There is no claim that the values postulated in the model are the true
ones. (Sometimes there is no claim that the functional relationships
have any causal significance.) If such a model can be found, the theory
receives some, fairly weak, confirmation. And if no such model can be
found - all plausible values for variables and
additional functional relationships lead to the wrong numbers-that is
clearly quite bad news for the theory. (There is an interesting asymmetry here. If
true predictions are forthcoming, the theory takes much of the credit.
It fits reality at least well enough to allow the construction of a
model. But if false predictions are produced, the first object of blame
is the model. The only case in which the theory cannot escape blame is
when all attempts to construct a prediction-producing model fail.) The values specified in a model are rarely
just plucked out of the air. The theoretical background is usually part
of a scientific tradition or research programme. (There is typically a
nested structure of research programmes, ranging from the immediate
theoretical project to platitudes of scientific respectability.) And
this often gives a fairly specific strategy for constructing models to
account for the behaviour of particular kinds of system, leaving a
larger or smaller amount up to the ingenuity or intuition of the
theorist. I call this strategy the cookbook. |
|
The cookbook very often adopts a realist
attitude, specifying the way the model may be constructed in terms of
the objective structure and causal construction of the system to be
modelled.

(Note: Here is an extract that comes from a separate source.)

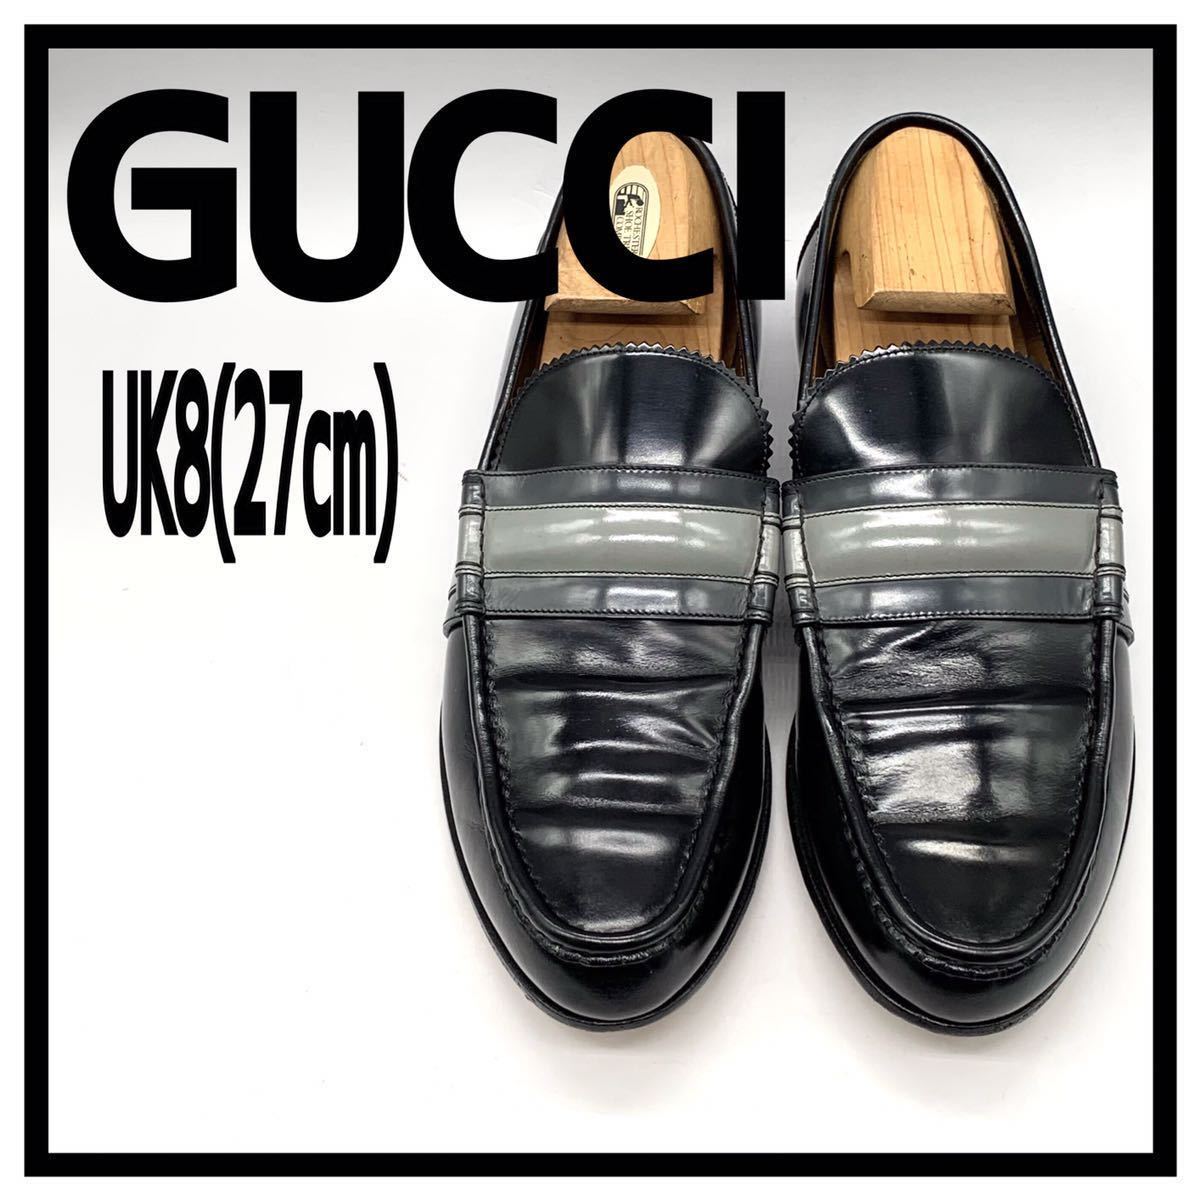 GUCCI (グッチ) ドレスシューズ ローファー スリッポン レザー ブラック 黒 グレー ネイビー ボーダー UK8 27cm 革靴 ビジネス イタリア製

Textbooks of mathematical modelling discuss different
strategies for getting mathematical treatments of systems of different
physical types and indicating both the form the model should take and
the general patterns of mathematical results and techniques (the
'mathematical phenomena' as M. V. Berry calls them) which often work to
get useful data out of the model. 6 The cookbook for
quantum mechanics says (or rather, begins) 'look the corresponding
function for a classical system with the same physical structure
as the system you are studying.' The cookbook for catastrophe theory
begins 'try to describe the system in terms of variables which can be
divided into two sets, control variables and behavior variables, such
that the relation between them can be interpreted as a set of
equilibria of an underlying dynamical system in such a way that the
qualitative behavior of the system can be characterised as one of the
standard catastrophe-shapes.' In neither of these cases does the
cookbook tell exactly how to go about setting up the model. And in both
of them it gives no general assurance that the values we invent to get
a best fit with aspects of the same or related systems will fit
together in any homogeneous way. That is the way it is generally. A cookbook can exist without a theory. The
most interesting cases of this are those in which the strategy for
constructing models requires that a model be backed up by a theory but
is fairly neutral about the content of the theory. This is the case
with the cookbook for catastrophe theory. It requires that the behavior
of the system be the product of an underlying dynamical system. But
that does not mean that it has to consist of particles moving according
to classical mechanics. Rather, it means that the mechanisms underlying
the behavior must be produced by some causal processes similar to
mechanics in only a very abstract way. Then the strategy for filling a
theory out with a model has become autonomous, requiring |
|
the presence of a theory but consistent with
an indefinitely wide variety of theories. The central case here is that in which there
is a definite theory which leaves some crucial things unspecified, and
so needs to be supplemented with a model. (Then a cookbook may come in,
to say what kinds of supplementation are allowed.) The model is then
clearly subsidiary to the theory. And clearly indispensible. There is also a very important other case,
equally central as an example of mathematical modelling, which should
be placed alongside the first. In this other case, there is a
single completely specified theory. But it does not lend itself to
making predictions. The usual reason is just that we do not have a
general solution to the equations. Then too we can profitably construct
models, which bridge the gap between the theory and the phenomena. The
model is generally a simpler set of mathematical conditions than those
implied by the theory, whose consequences are easier to calculate.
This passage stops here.